Além disso, as redes sociais exigem interação com o público – respondendo a mensagens e comentários, por exemplo. Portanto, o trabalho de um Analista de redes sociais é muito dinâmico e exige atenção constante ao que está acontecendo.

Na maioria dos casos, os Analistas de redes sociais são, particularmente, heavy users dessas redes.

Você pode reconhece-los porque apresentam perfis pessoais de alto nível, sempre atualizados e aproveitando ao máximo os recursos que cada rede proporciona.

Esse é um bom critério a ser usado na hora de fazer o recrutamento deste profissional.

4.Analista de email marketing

O Analista de email marketing tem um papel voltado para a divulgação ativa da empresa através de e-mails enviados a uma lista de contatos. Mas, se você está pensando que o trabalho deste profissional é enviar uma mensagem com as “ofertas da semana” aos clientes, está enganado.

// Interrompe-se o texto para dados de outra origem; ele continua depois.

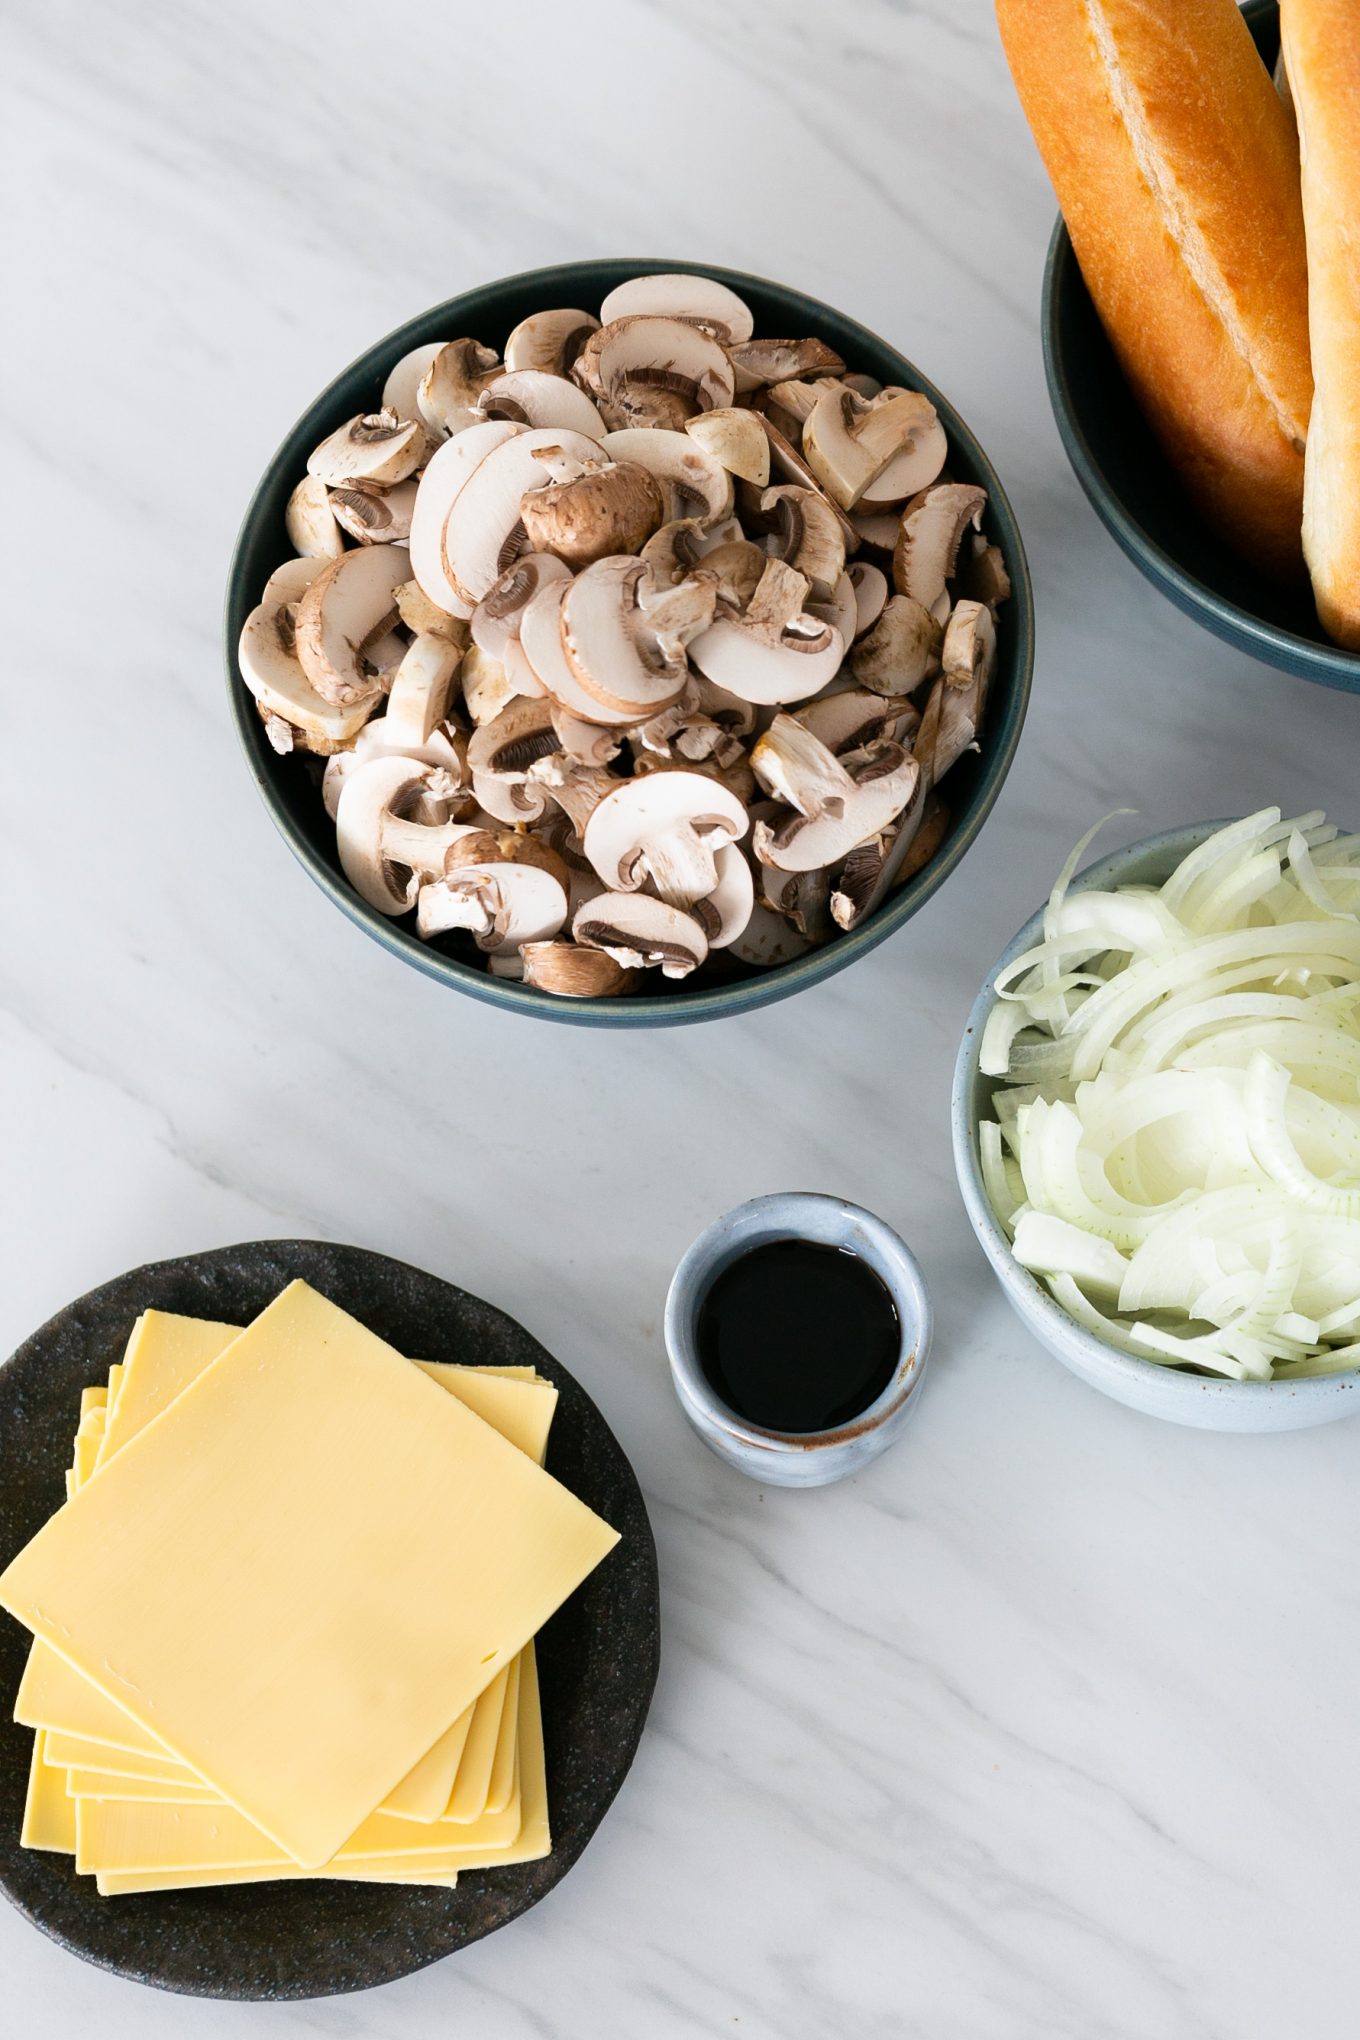 Ingredients to prepare a vegan and mushroom sandwich

O email marketing é uma atividade de marketing focada em relacionamento.

Este tipo de conteúdo estabelece um canal regular de comunicação com seus leads, que deve ser usado para educa-los.

Em outras palavras, as mensagens enviadas para sua lista possuem dois objetivos: tirar dúvidas e derrubar possíveis objeções à compra.

Em última instância, todo conteúdo de email marketing precisa ser útil para o lead, garantindo a continuidade do relacionamento e, finalmente, a conversão em vendas.

E o Analista de email marketing é o responsável por garantir a entrega deste resultado.

O trabalho do Analista de email marketing é realizado em blocos, que chamamos de campanhas.

Uma campanha é formada por uma sequência de e-mails que o lead irá receber, ajudando-o a percorrer o caminho até a decisão de compra.

Ou seja, tanto quanto um Analista de conteúdo ou de redes sociais, o Analista de email marketing também precisa ser capaz de planejar e desenvolver um trabalho de nutrição dos leads a médio ou longo prazo.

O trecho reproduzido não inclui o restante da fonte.